**EXERCISE DETAILS**
Leaving all pictures out, output exactly and only the line containing "Insigne Broche British" and the lines that follow it to the end of the material below.

**DATA BLOCK**
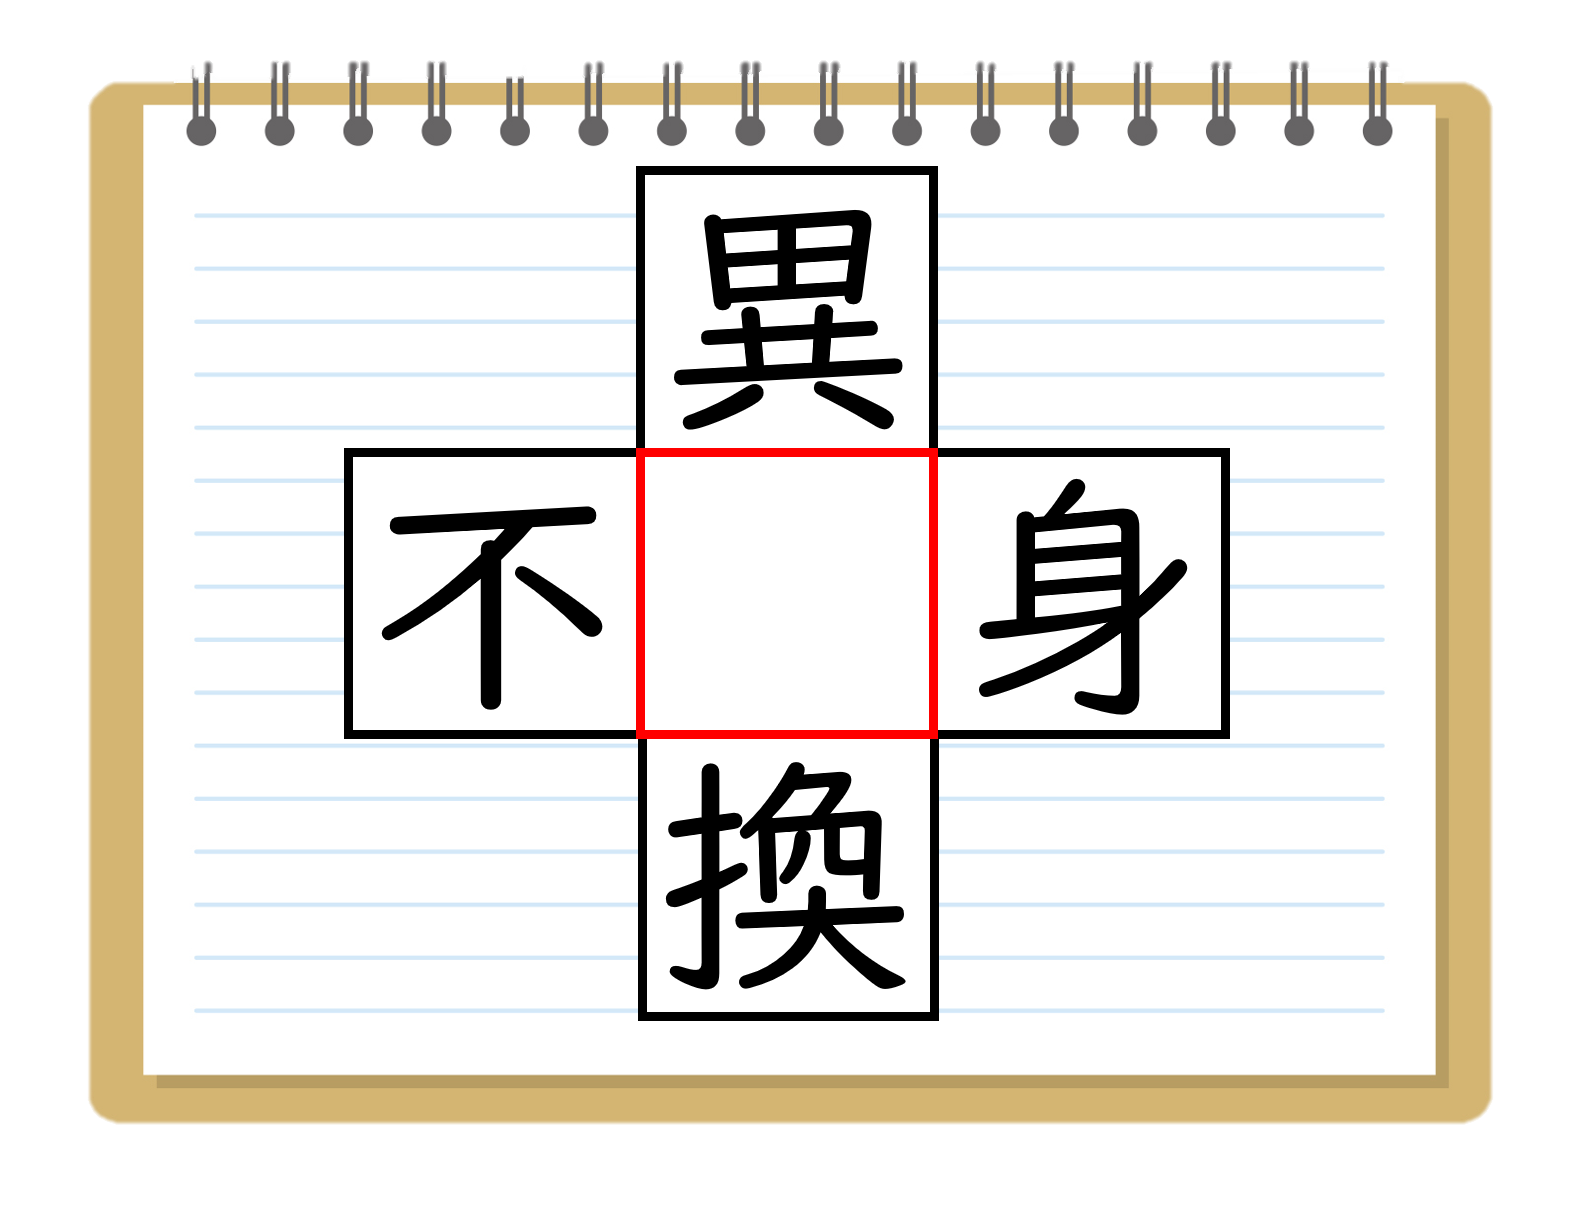 漢字穴埋めクイズ 中学生向け 全問 簡単 面白い虫食い問題 パズル クイズ王国
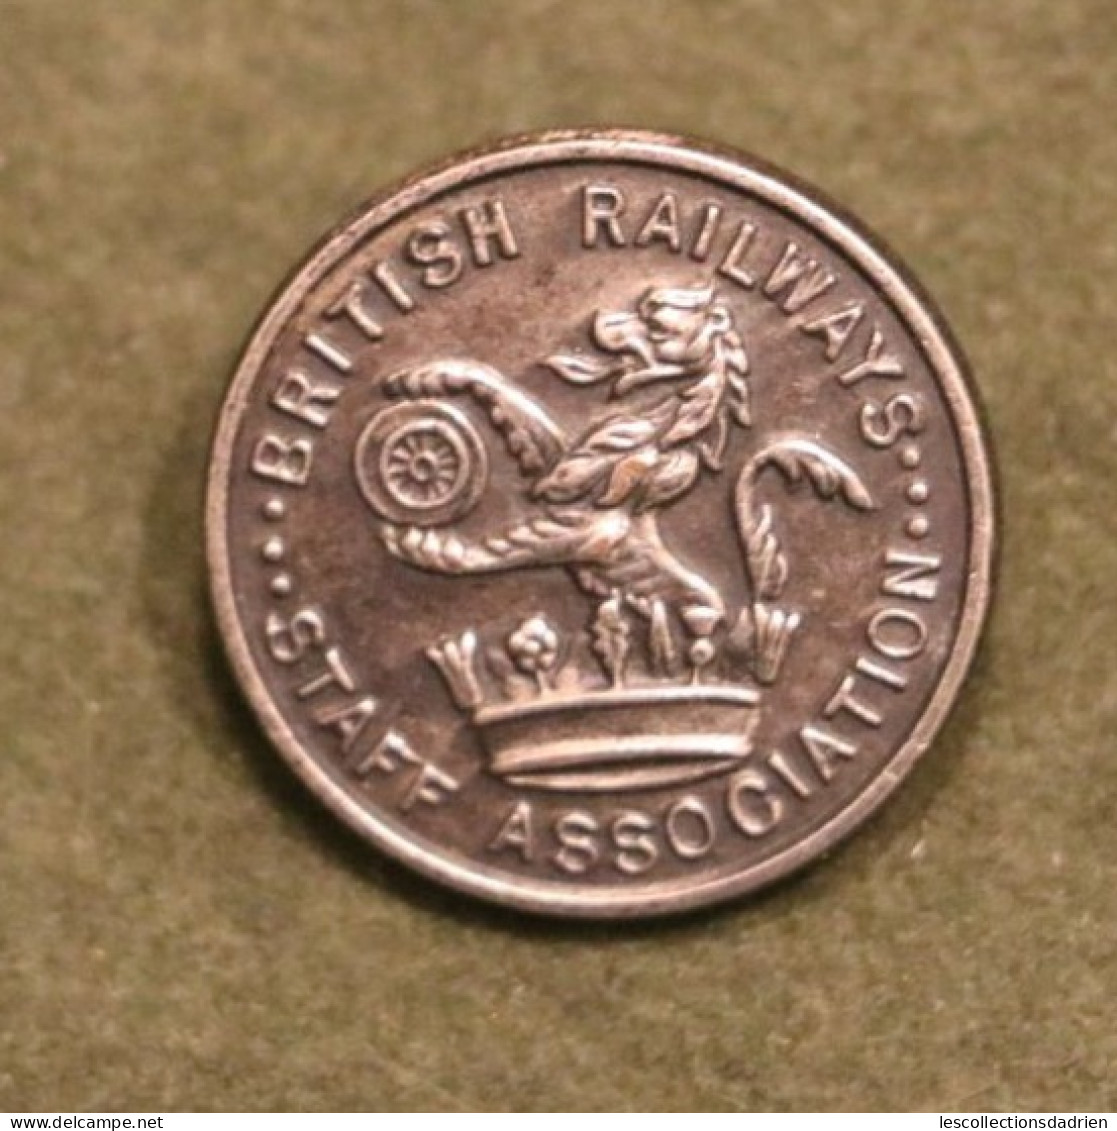 Insigne Broche British Railways Staff Association - Badge Pin Brooch - Train - Eisenbahnverkehr
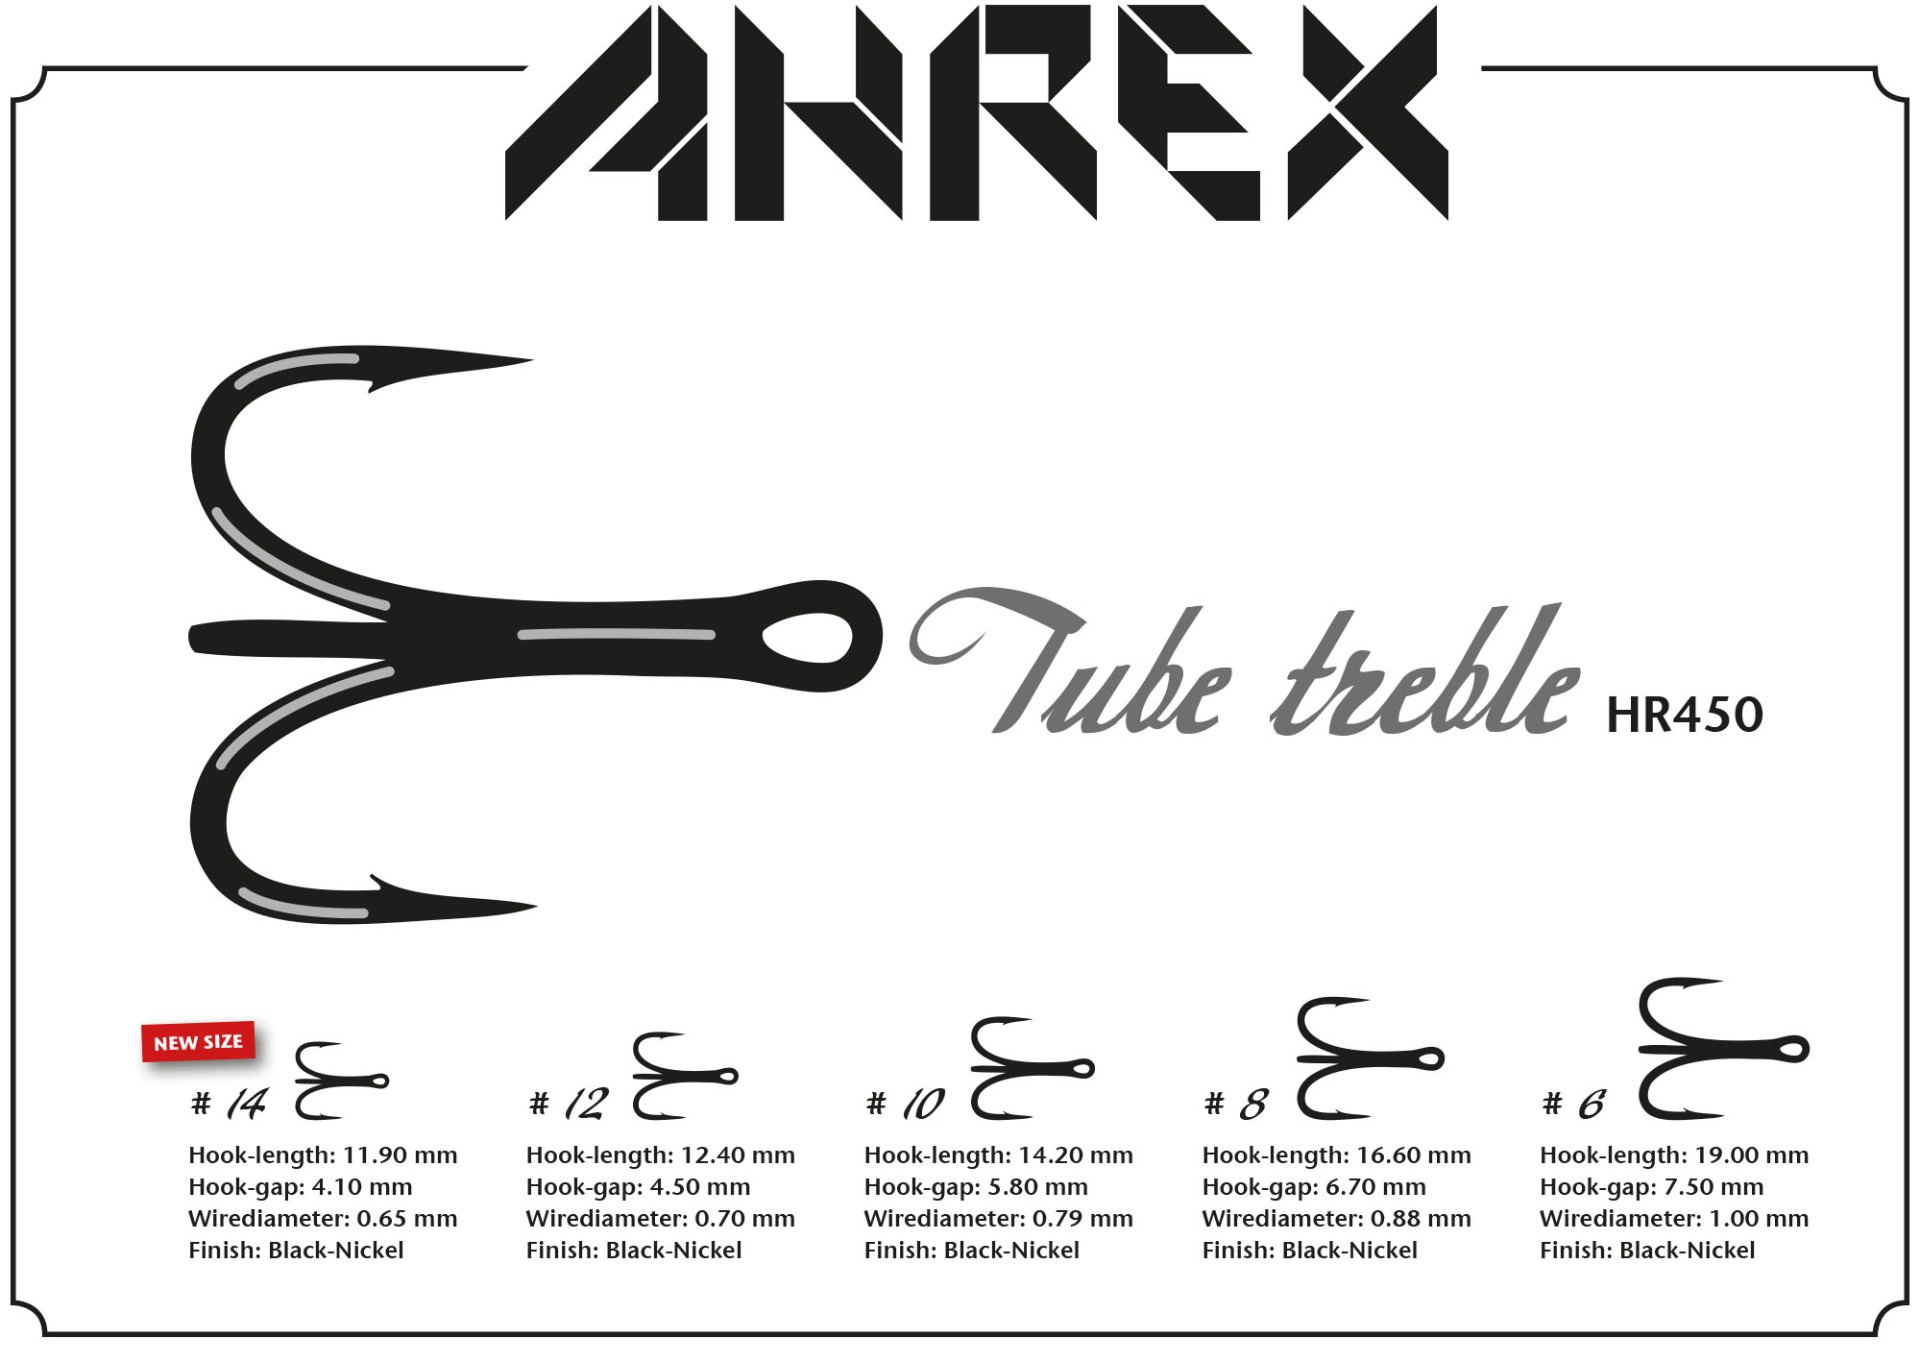 Ahrex Triple Tube #6

**PROBLEM SOLUTION**
 Insigne Broche British Railways Staff Association - Badge Pin Brooch - Train - Eisenbahnverkehr
 Ahrex Triple Tube #6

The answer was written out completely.